PAEs were treated with monomeric adiponectin alone or in the presence of intracellular kinases blocker, AdipoR1 and Ca^2 +-ATPase pump inhibitors. The role of Na⁺/Ca^2 + exchanger was examined in experiments performed in zero Na⁺ medium. NO release and intracellular Ca^2 + were measured through specific probes.

Key findings

In PAE cultured in normal glucose conditions, monomeric adiponectin elevated NO production and [Ca^2 +]c. Similar effects were observed in high glucose conditions, although the response was lower and not transient. The Ca^2 + mobilized by monomeric adiponectin originated from an intracellular pool thapsigargin- and ATP-sensitive and from the extracellular space. Moreover, the effects of monomeric adiponectin were prevented by kinase blockers and AdipoR1 inhibitor.

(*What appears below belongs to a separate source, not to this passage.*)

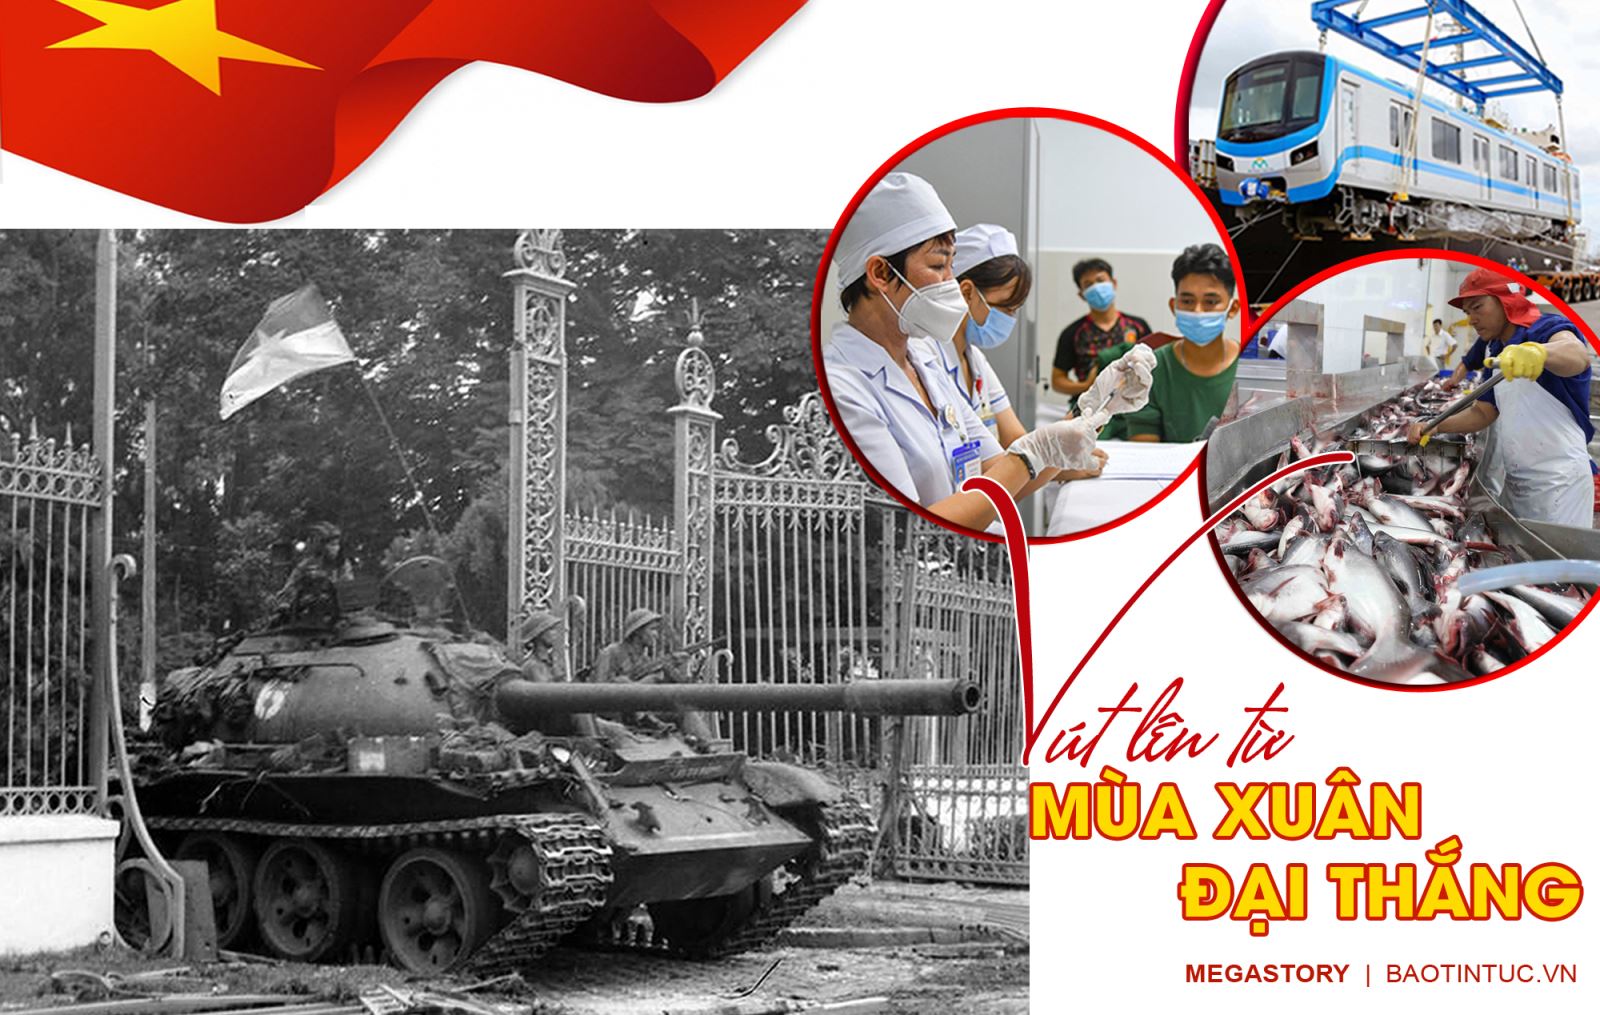 Chiến thắng Mùa Xuân là một chiến công lịch sử, ghi dấu tình yêu quê hương và trách nhiệm quốc gia của người lính Việt Nam. Bằng sự hi sinh, can đảm của người dân và quân đội, Chiến thắng Mùa Xuân đã góp phần giúp Việt Nam trở thành một quốc gia độc lập và phát triển mạnh mẽ.
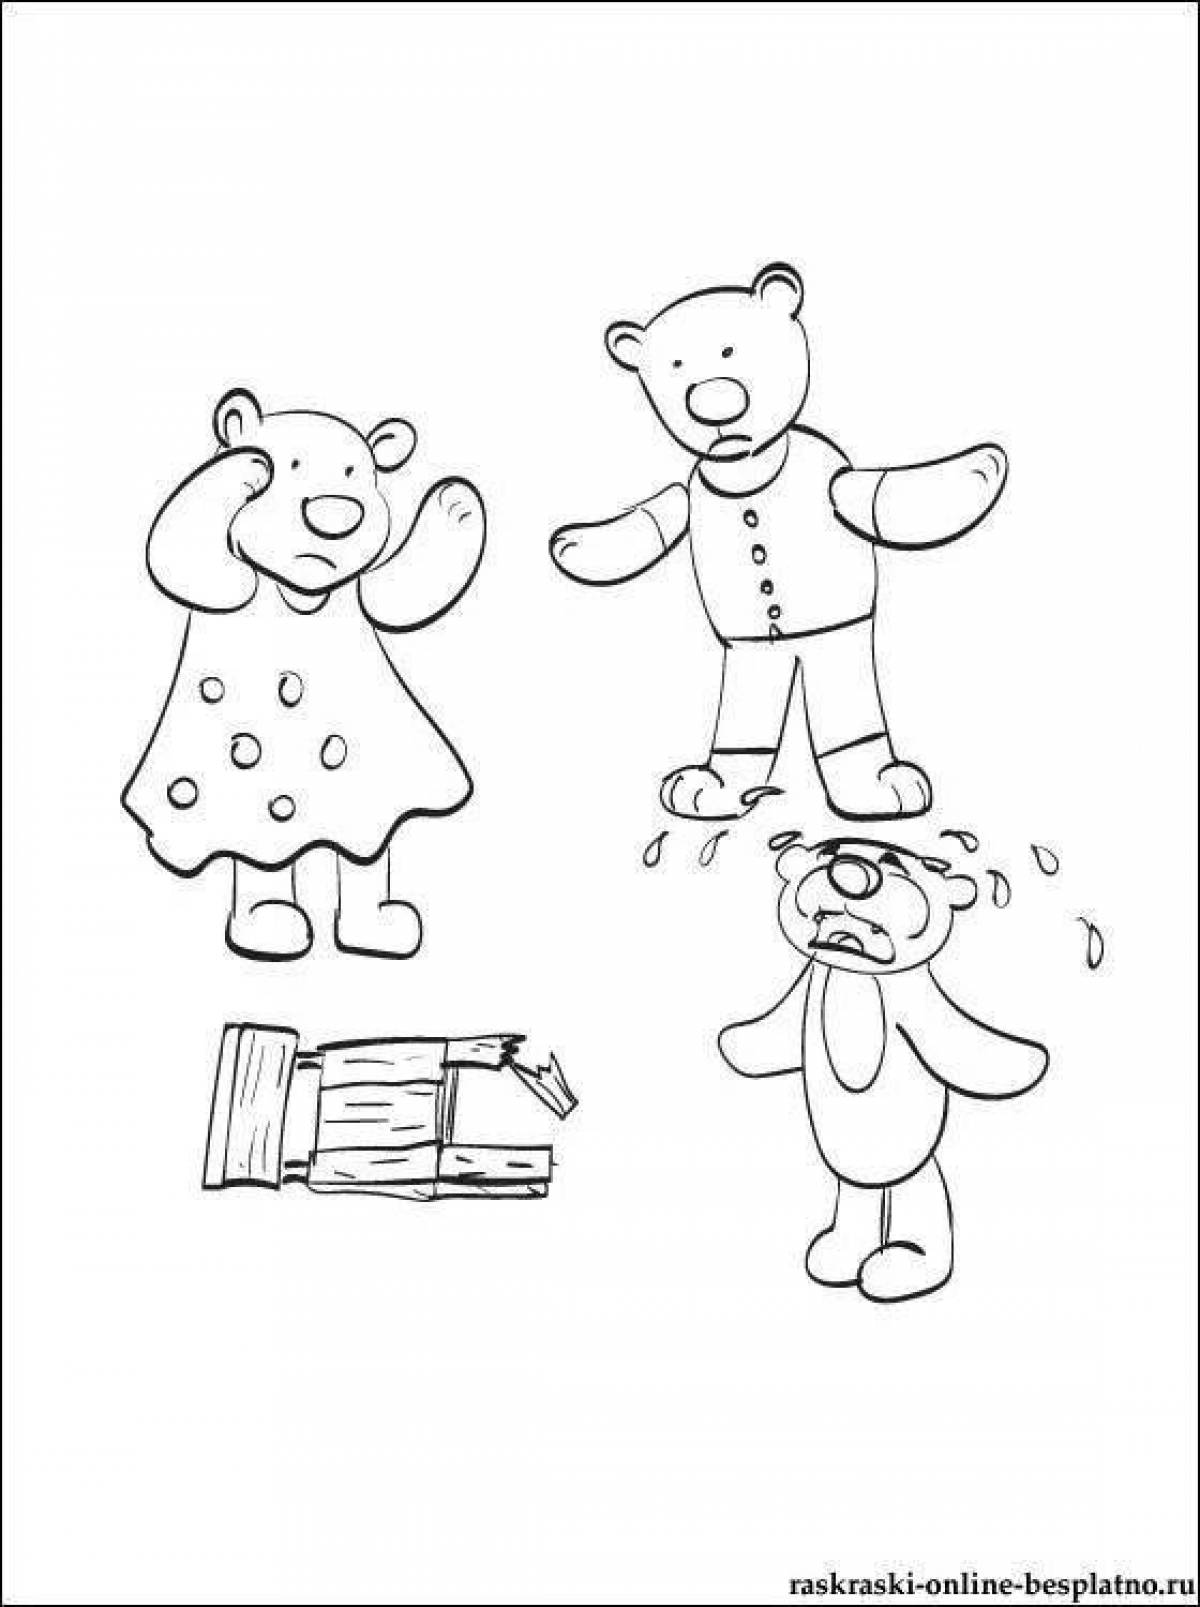 Три медведя раскраска для малышей

Finally, in normal glucose condition, a role for Na⁺/Ca^2 + exchanger and Ca^2 +-ATPase pump in restoring Ca^2 + was found.

Significance

Our results add new information about the control of endothelial function elicited by monomeric adiponectin, which would be achieved by modulation of NO release and Ca^2 + transients. A signalling related to Akt, ERK1/2 and p38MAPK downstream AdipoR1 would be involved.